__WORK REQUEST__: An exact transcription is needed, starting with the line that contains "Amazon has another" and ending with the last line of the records.

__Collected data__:
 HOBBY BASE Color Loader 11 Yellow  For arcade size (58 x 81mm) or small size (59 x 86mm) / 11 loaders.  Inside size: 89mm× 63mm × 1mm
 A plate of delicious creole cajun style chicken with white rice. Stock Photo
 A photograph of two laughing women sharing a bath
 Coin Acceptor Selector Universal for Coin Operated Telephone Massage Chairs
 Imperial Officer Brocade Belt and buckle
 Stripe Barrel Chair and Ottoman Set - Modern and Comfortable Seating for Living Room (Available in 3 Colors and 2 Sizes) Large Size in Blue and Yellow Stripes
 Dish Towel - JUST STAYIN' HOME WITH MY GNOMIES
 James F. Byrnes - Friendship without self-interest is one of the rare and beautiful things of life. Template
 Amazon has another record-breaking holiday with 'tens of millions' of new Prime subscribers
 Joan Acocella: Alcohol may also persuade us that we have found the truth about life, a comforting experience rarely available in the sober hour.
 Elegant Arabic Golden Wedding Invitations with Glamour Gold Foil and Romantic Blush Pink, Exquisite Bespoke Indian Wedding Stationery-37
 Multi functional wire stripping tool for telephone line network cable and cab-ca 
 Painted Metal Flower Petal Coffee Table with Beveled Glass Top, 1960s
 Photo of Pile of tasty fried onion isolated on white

__ANSWER FOR THIS EXERCISE__:
 Amazon has another record-breaking holiday with 'tens of millions' of new Prime subscribers
 Joan Acocella: Alcohol may also persuade us that we have found the truth about life, a comforting experience rarely available in the sober hour.
 Elegant Arabic Golden Wedding Invitations with Glamour Gold Foil and Romantic Blush Pink, Exquisite Bespoke Indian Wedding Stationery-37
 Multi functional wire stripping tool for telephone line network cable and cab-ca 
 Painted Metal Flower Petal Coffee Table with Beveled Glass Top, 1960s
 Photo of Pile of tasty fried onion isolated on white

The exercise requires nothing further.